The pair of gobblers quickly cut the distance between us in half, but then hung up at the end of the lane only 100 yards away. It was as if they were trying to decide whether to return to the hens they had left in the field or check out the invisible hens that sounded so enticing. Brady then made a series of soft purrs and yelps, but received no reply. Just as I was beginning to doubt my friend's midday tactics, he gave his old box call a hard shake that produced a perfect gobble.

Brady's gobble did the trick. The pair of toms rattled the trees with a thunderous warning, and then began a footrace toward our position. I was chuckling to myself at the comical sight of the two red heads bobbing through the tall grass as they jockeyed to be the first to confront the perceived intruder.

In a matter of seconds, their defiant mad dash had placed the two gobblers only 20 yards or so away from the end of our gun barrels. With a whispered count - "1-2-3" - Brady's old Parker side-by-side and my Remington 870 roared in unison as the pair of old toms tumbled with feathers flying. We sprang to our feet, and ran to the downed birds, letting out a rebel yell that could be heard in the next county.

We congratulated each other on our success, and then proceeded to relive the events as they had just unfolded. After admiring their thick rope-like beards and keen hooked spurs, we picked up our trophies, slung them over our shoulders and headed back to the Bronco.

As we made our way across the open field, I glanced over at my hunting buddy.
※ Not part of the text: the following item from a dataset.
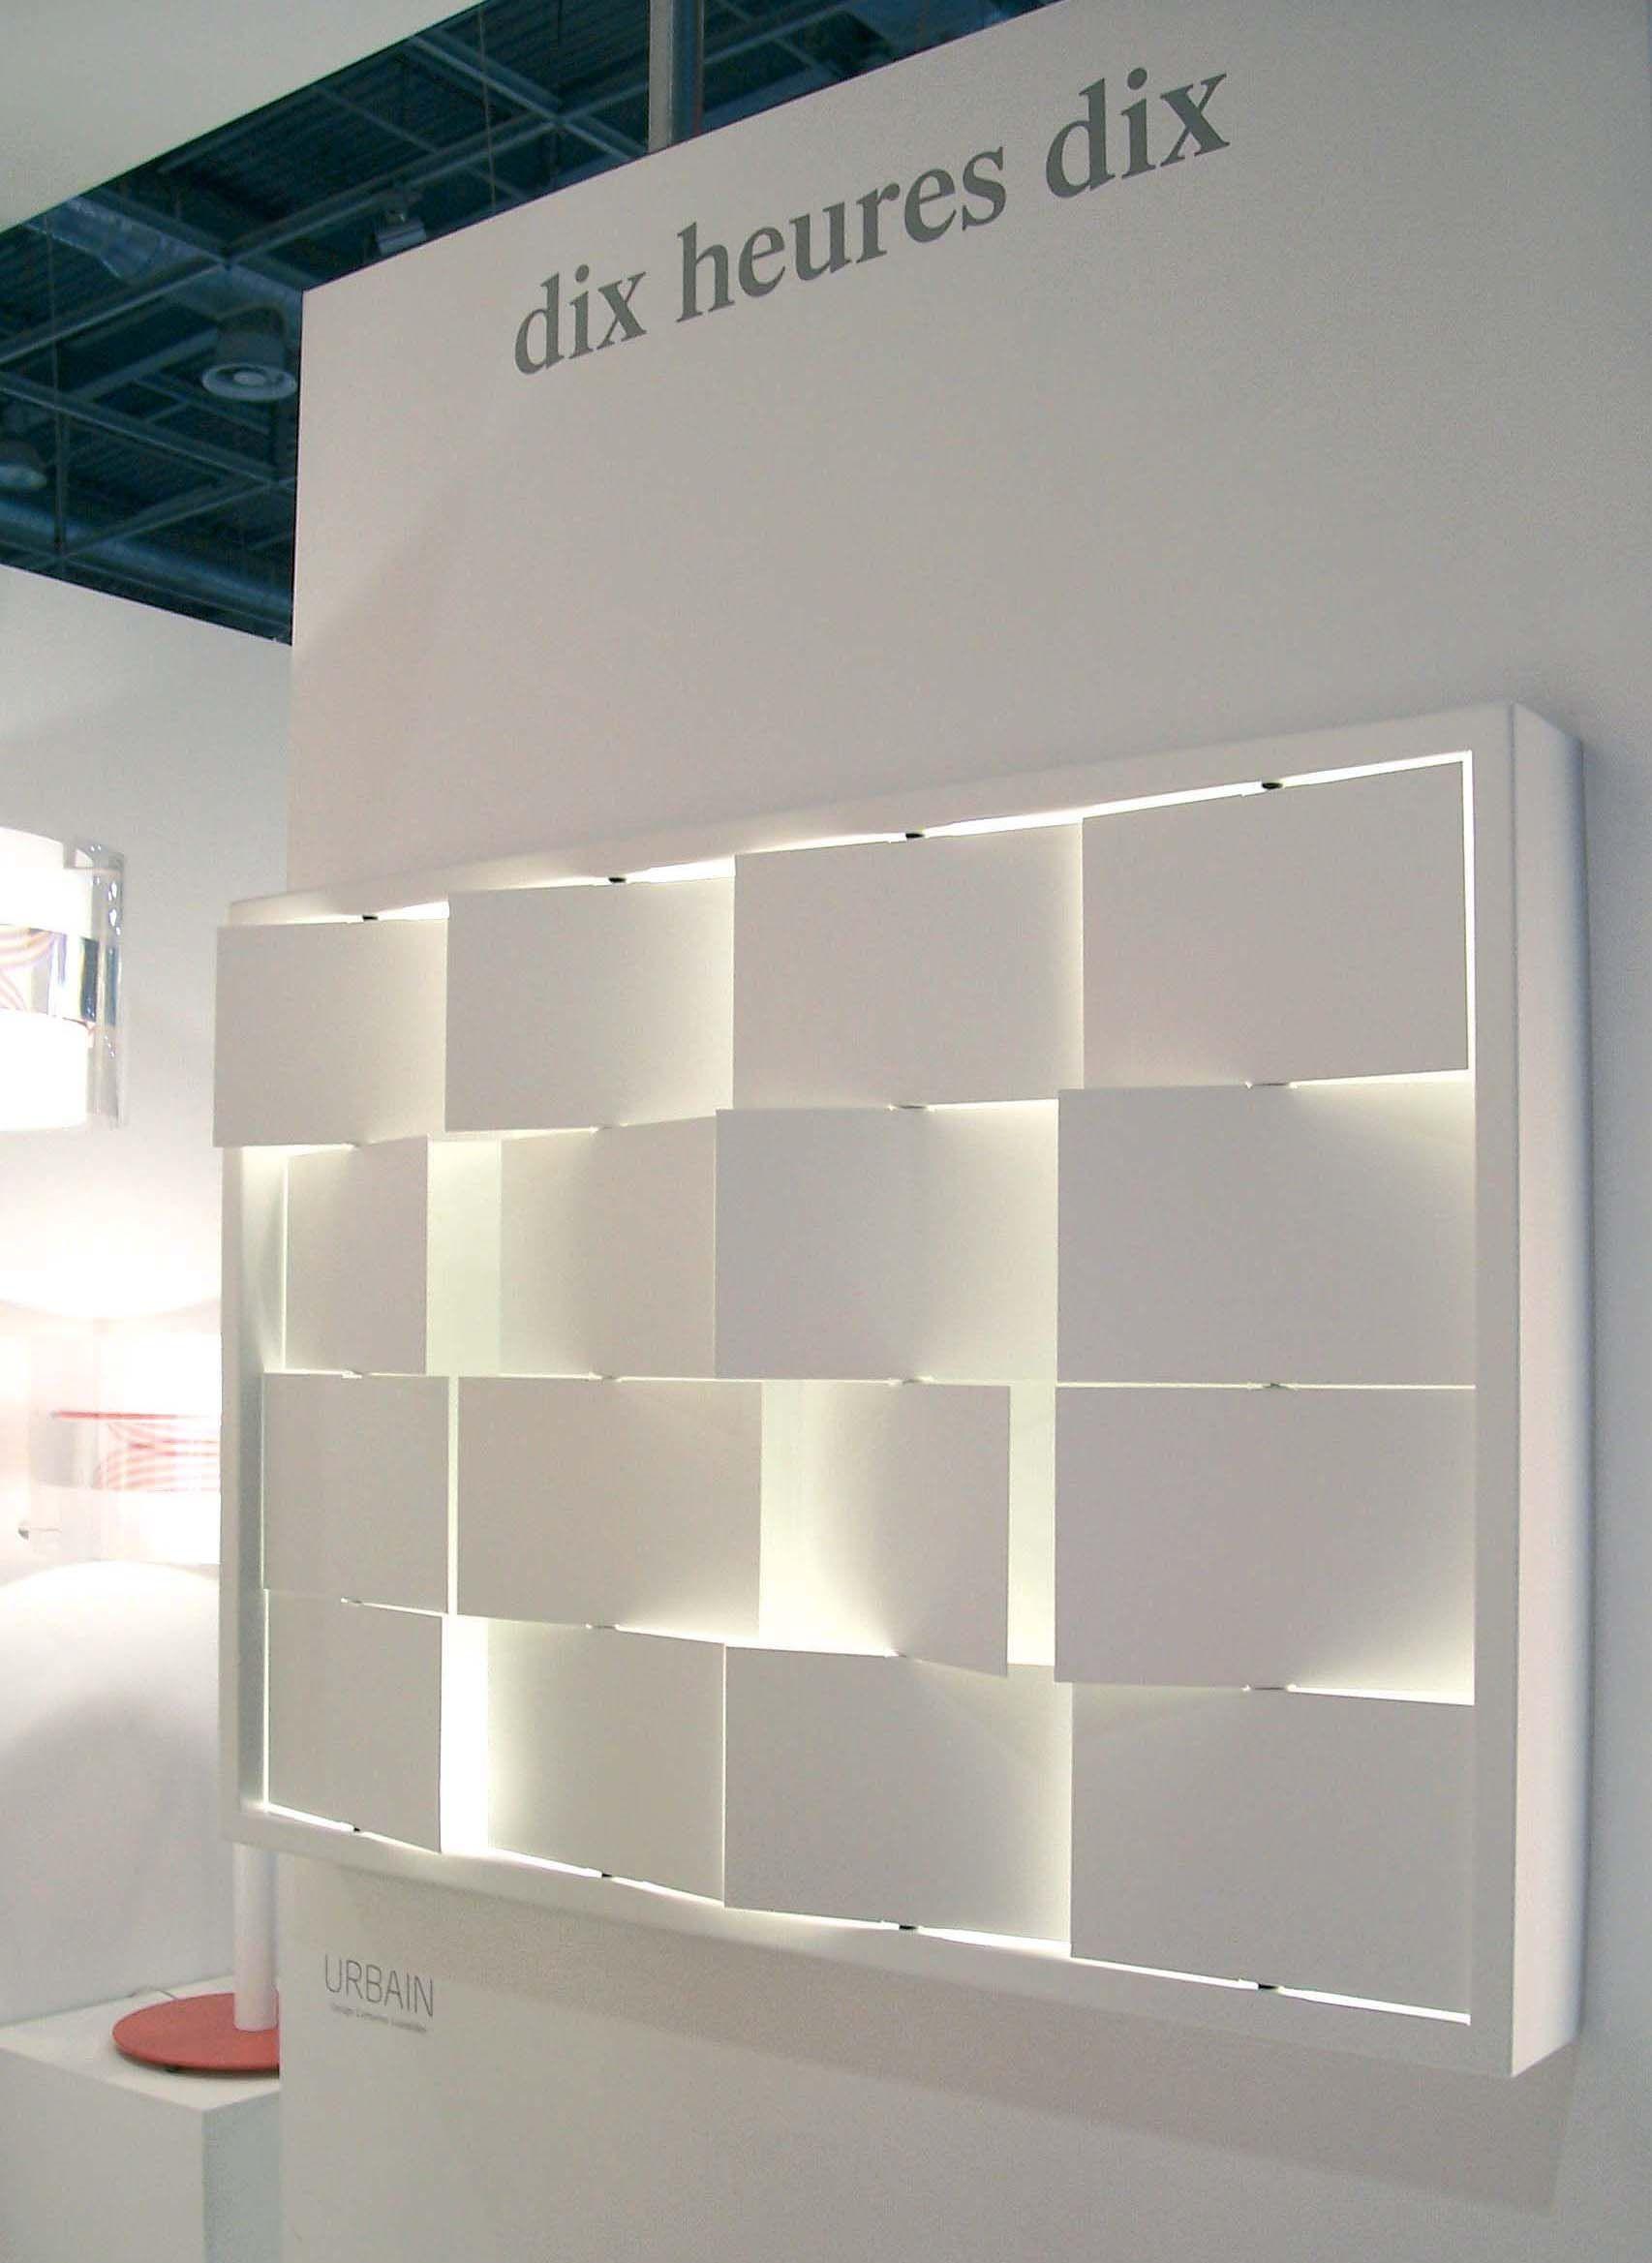 applique urbain blanc blanc dix heures dix. Black Bedroom Furniture Sets. Home Design Ideas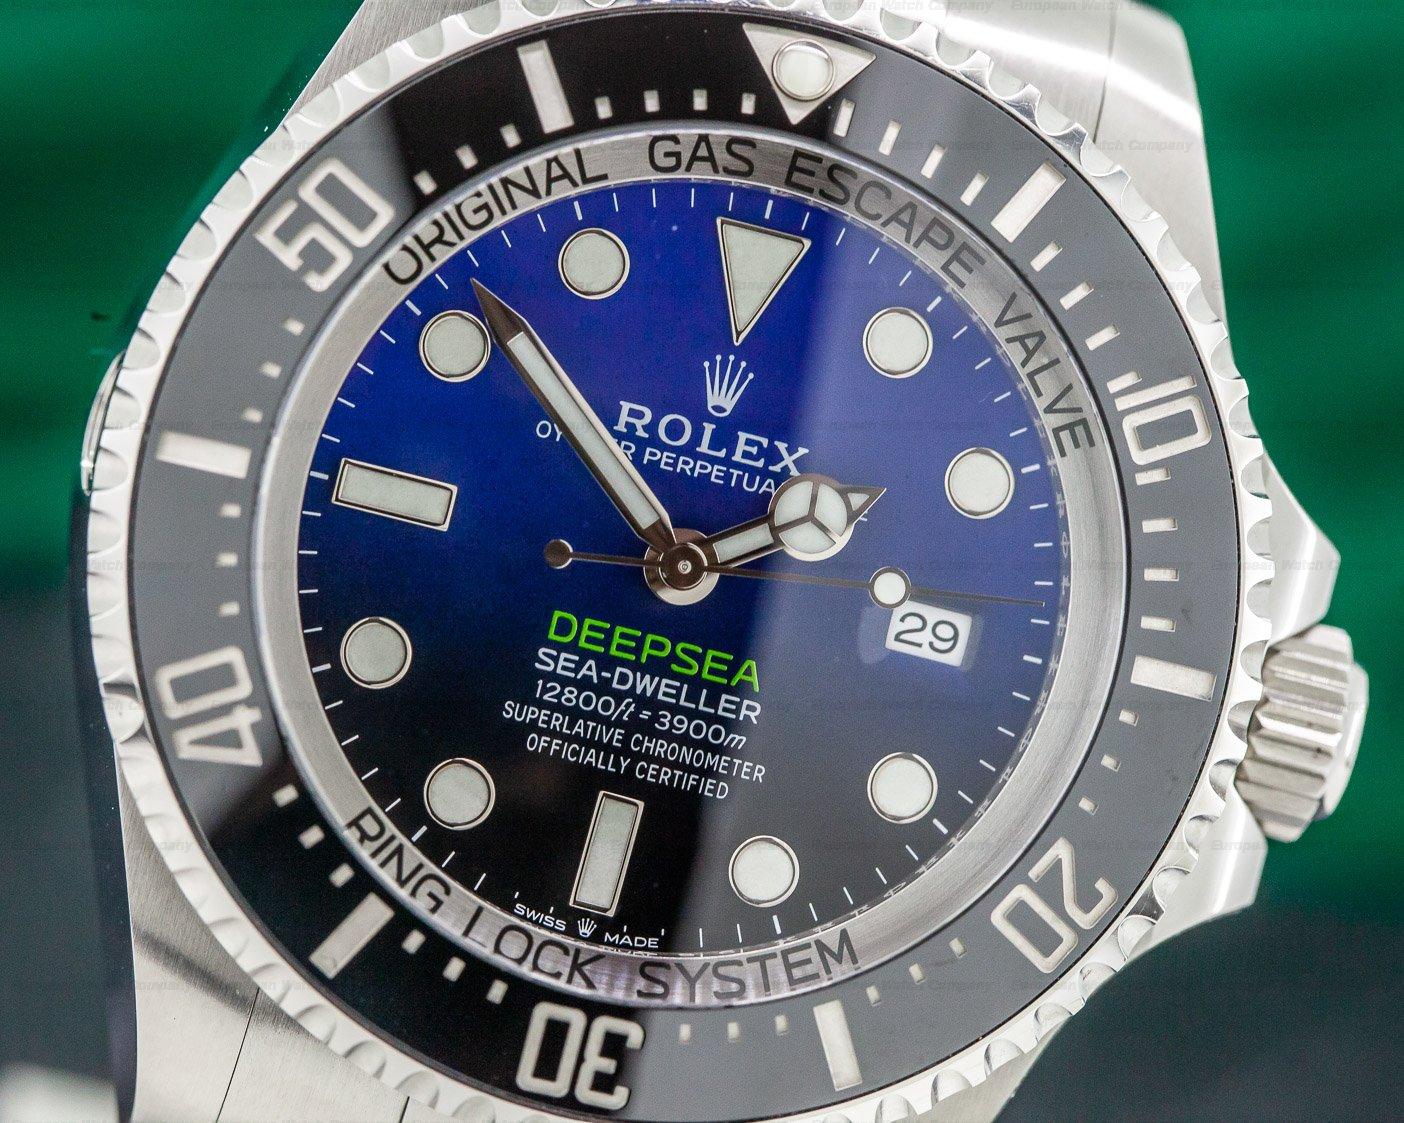 Rolex 126660 Sea Dweller Deep Sea D-Blue 2018 Model

"This midday turkey hunting sure is fun," I said. "I can't wait to try it again."

"Just don't expect these results every time," my friend laughed. "Every high-noon showdown doesn't always turn into a shootout at the O.K. Corral!"

My friend had once again taught me a new turkey hunting tactic for hard-to-kill gobblers. While that particular hunt would be my first high-noon showdown with a longbeard, it certainly wouldn't be my last.

Turkey hunters in Mississippi, or anywhere in the Deep South for that matter, will attest to the fact that Eastern gobblers are the toughest subspecies of turkey out there to hunt. That's not to say the other subspecies aren't challenging; they simply don't receive the hunting pressure our Eastern birds experience as a result of liberal bag limits, extremely long seasons and huge numbers of turkey hunters.

In order to bag one of these high-pressure gobblers, a turkey hunter must be willing to put in the extra effort and dig deep into his bag of tricks.

"Cuz" Strickland of Mossy Oak fame and a legend in the Mississippi turkey woods once described these high-pressured gobblers as politicians: "They will promise you a lot and give you very little!"

Once the hordes of hunters take to the woods in mid-March, owling and calling at first light, the old gobblers that were so talkative only a few weeks earlier become hush-mouthed and extremely hard to locate. The few birds that remain vocal survive by flying off the roost in the opposite direction of the early morning callers, causing great frustration for the hunters.

For most turkey hunters, the ideal Southern turkey hunt consists of setting up near a roosted bird, making a few seductive calls at daybreak and having a logger-headed longbeard come strutting, drumming and gobbling into gun range. The problem is that this scenario is a rare occurrence in the Mississippi turkey woods. Instead, most turkey hunts end shortly after they begin, with a dejected hunter heading back to his truck having been outwitted once again by a wily old longbeard.

But for those few die-hard hunters who have learned the ways of the wild turkey, they know that the best hunting can be found later in the day - at midday in particular.